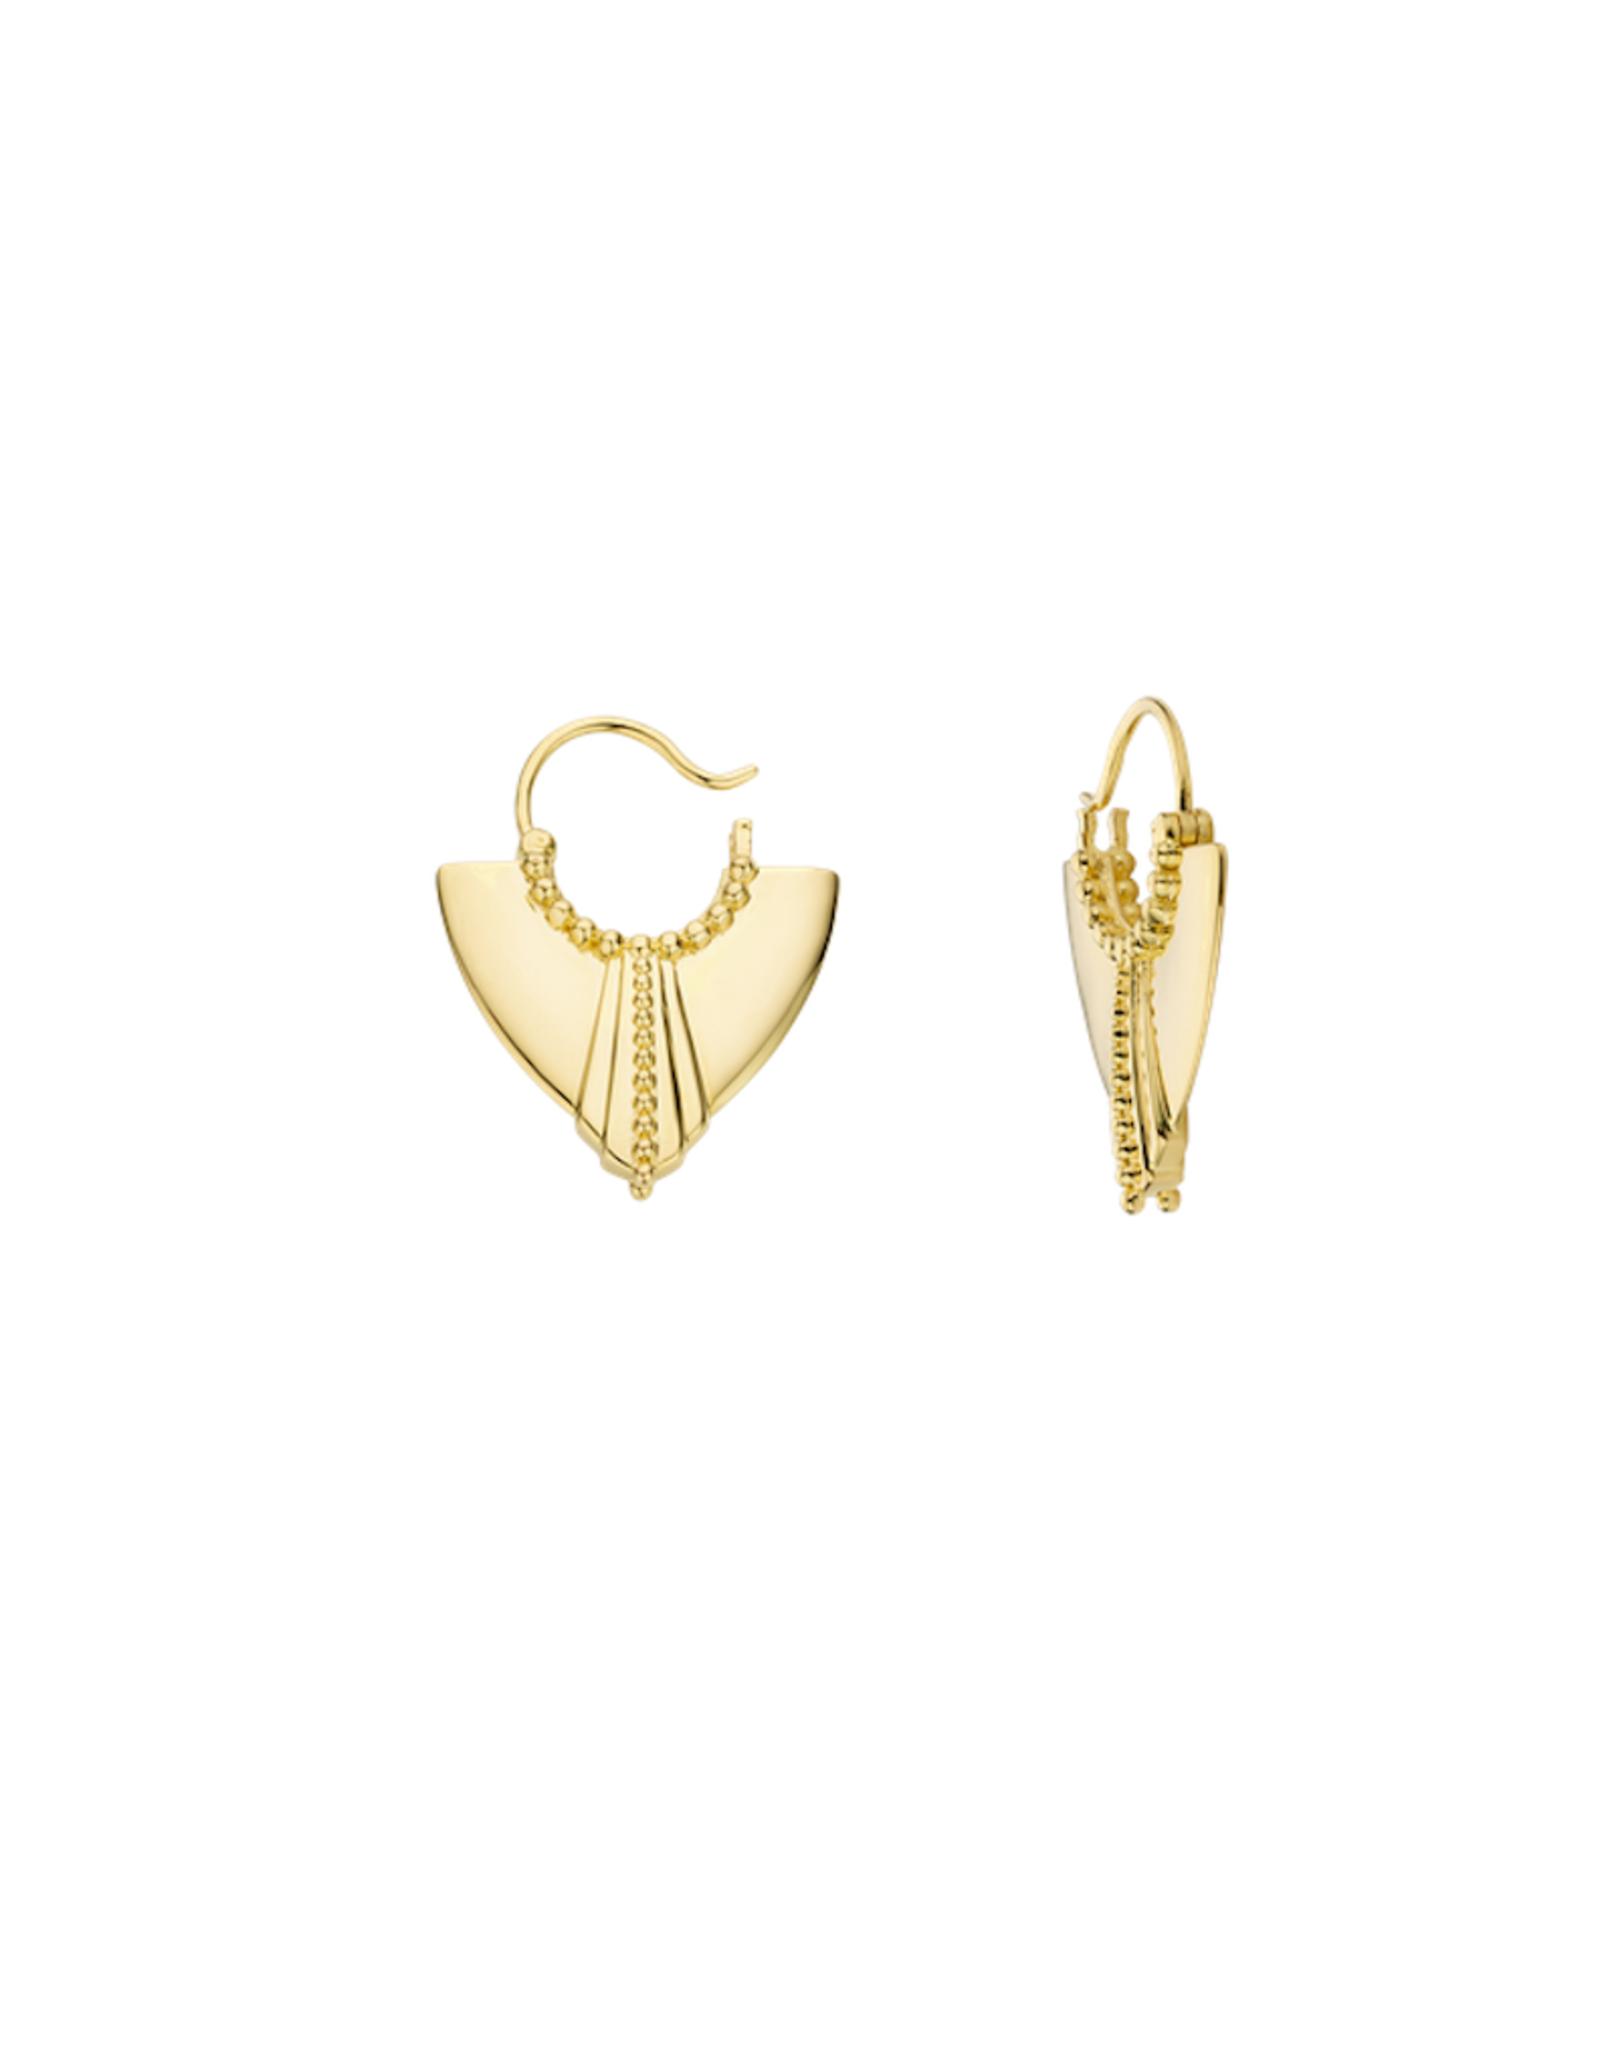 Freida Earrings Gold
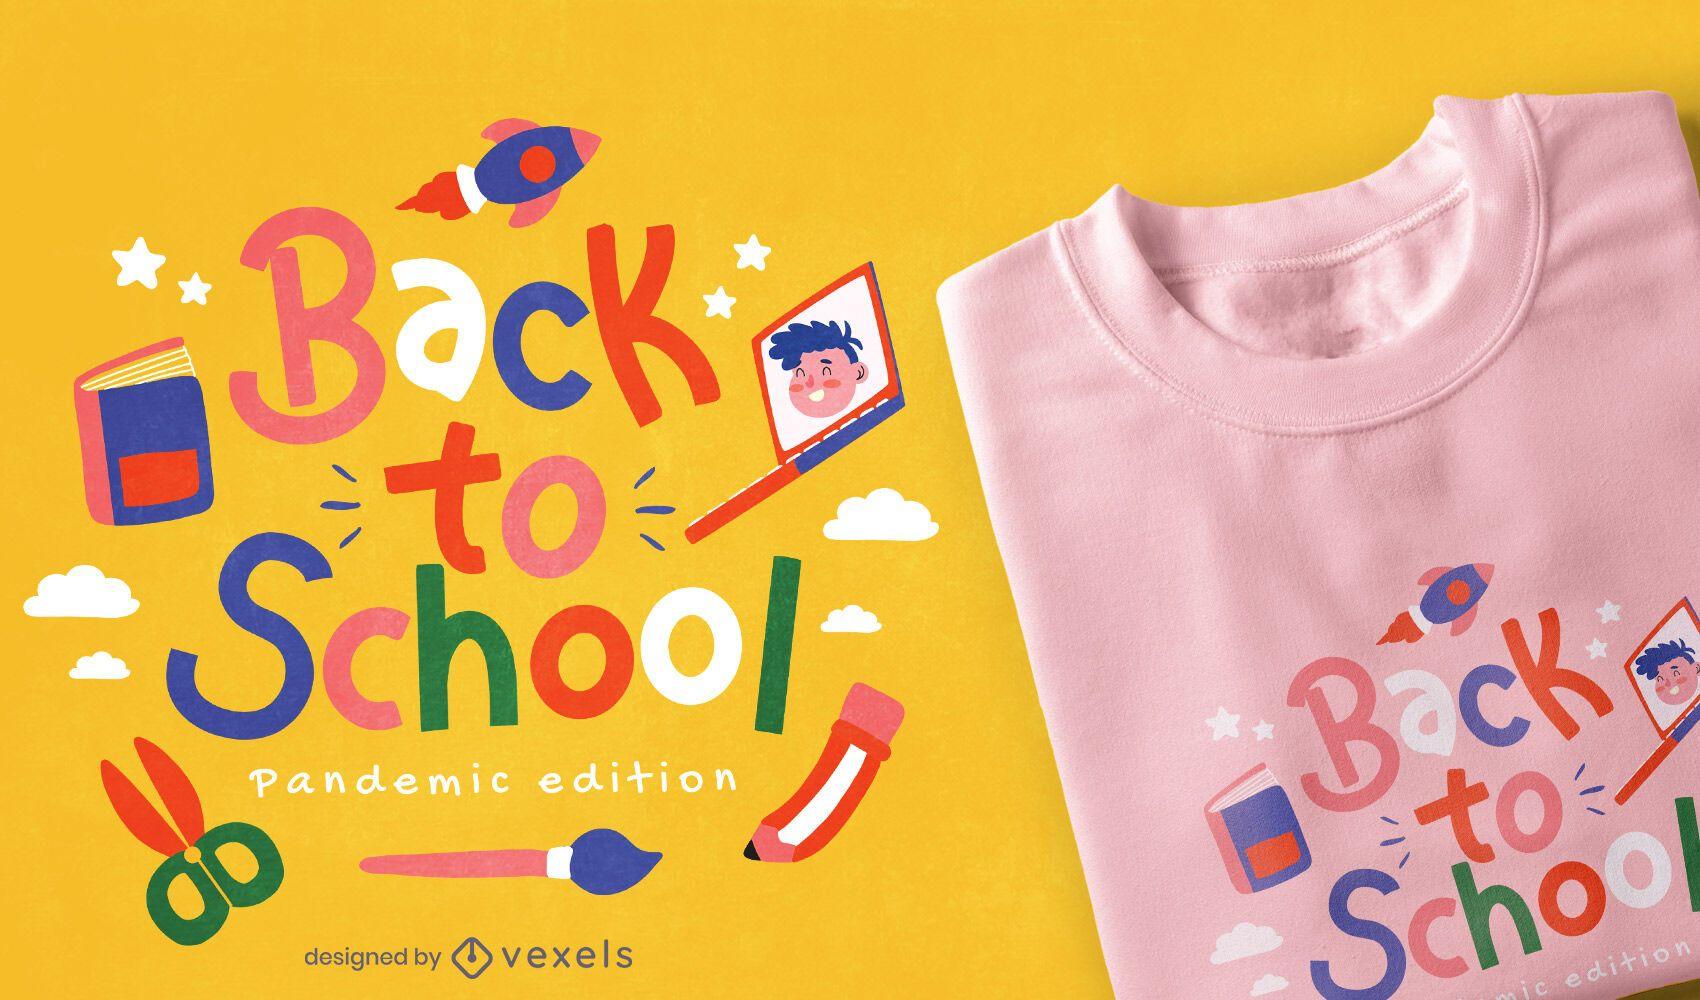 Back to school pandemic t-shirt design
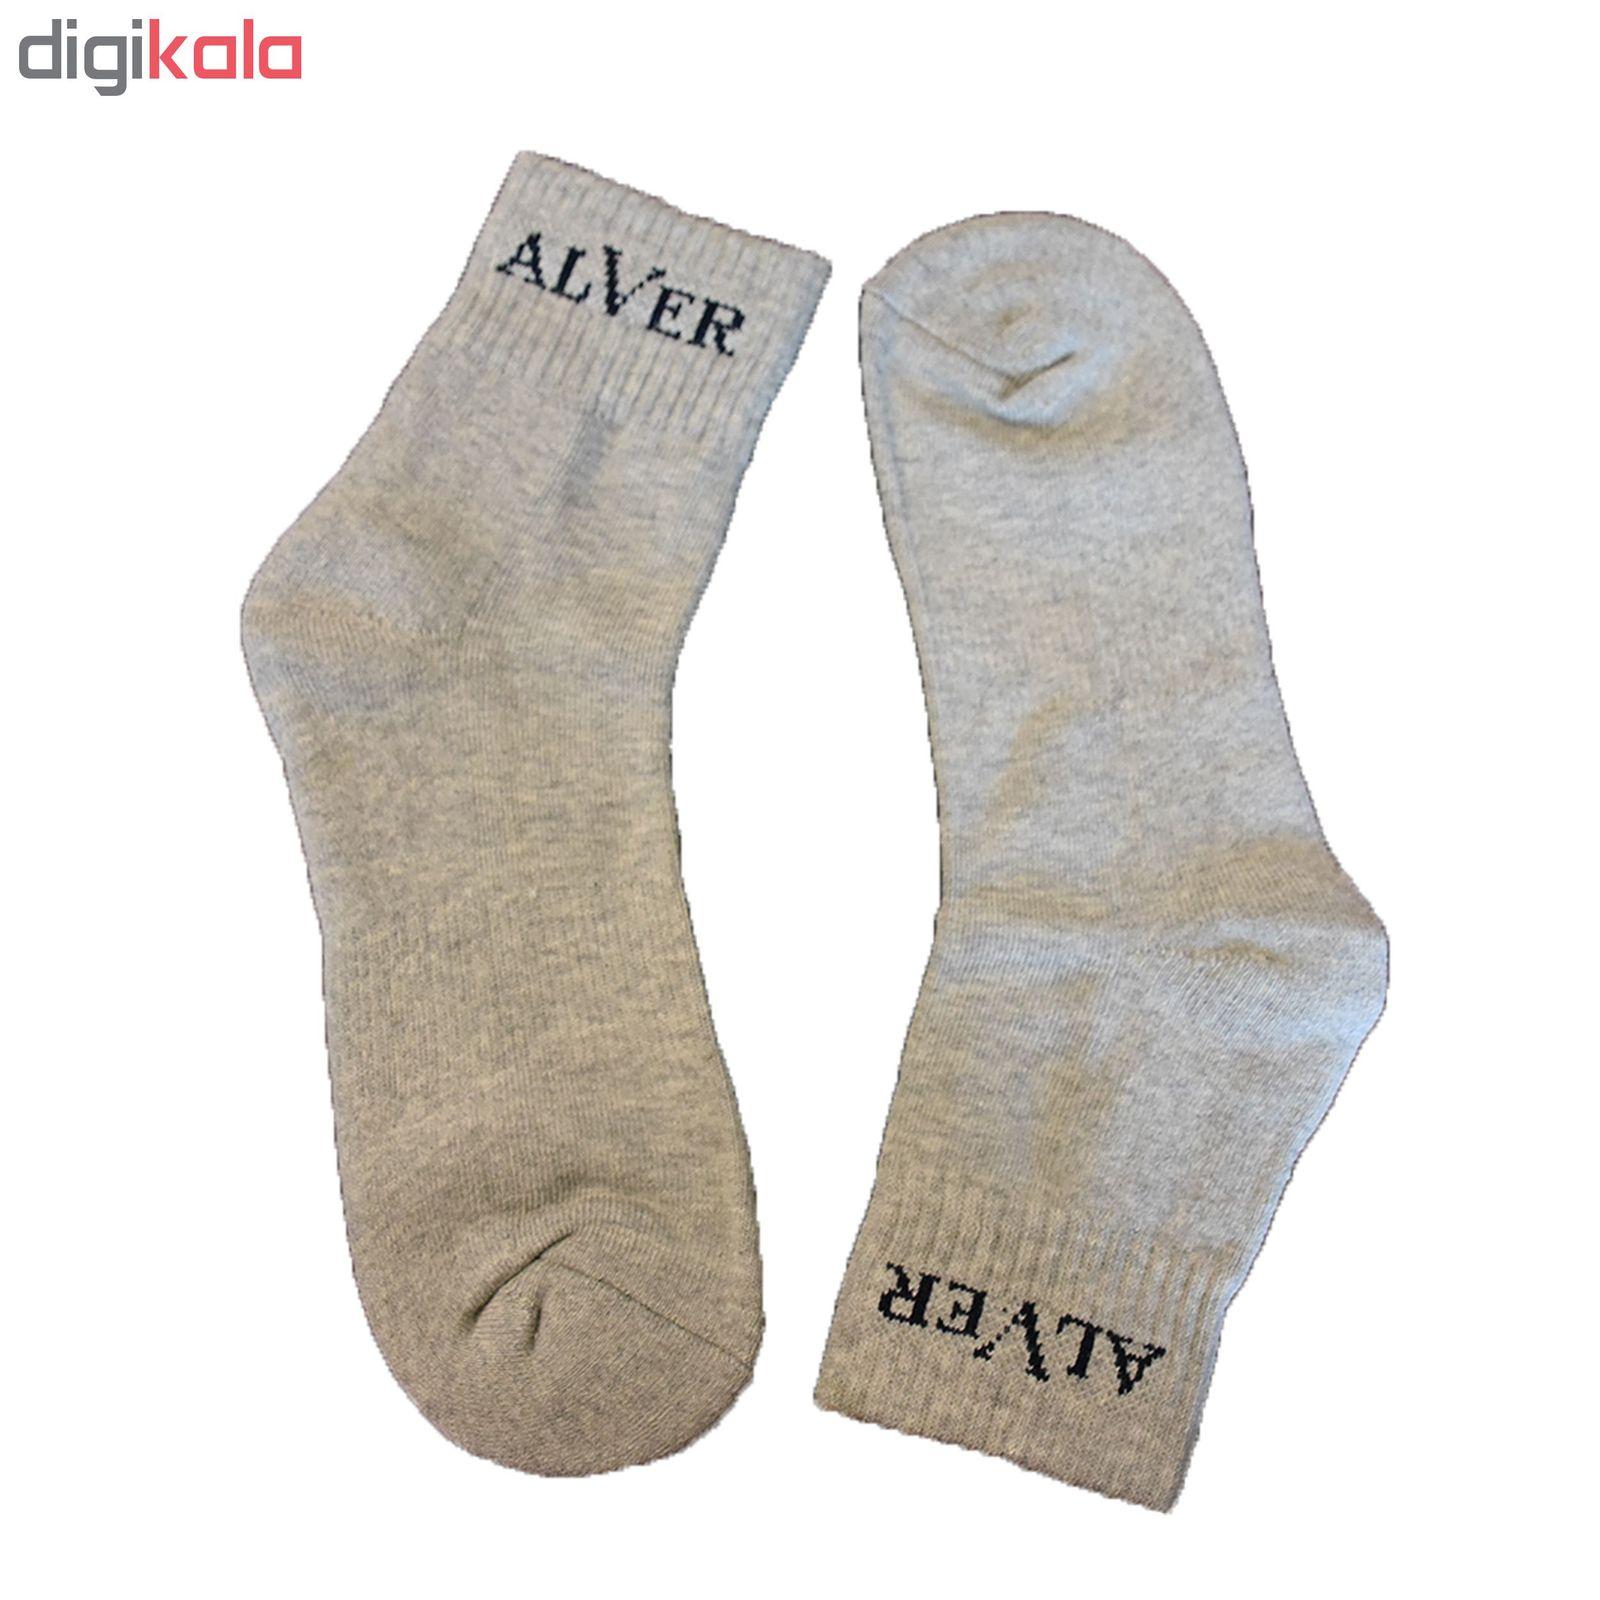 جوراب مردانه آلور کد 002-3 بسته 3 عددی main 1 1

The task:
Would you return the whole listing above exactly as written, skipping any image?

Answer:
 Freida Earrings Gold
 Back to school pandemic t-shirt design
 جوراب مردانه آلور کد 002-3 بسته 3 عددی main 1 1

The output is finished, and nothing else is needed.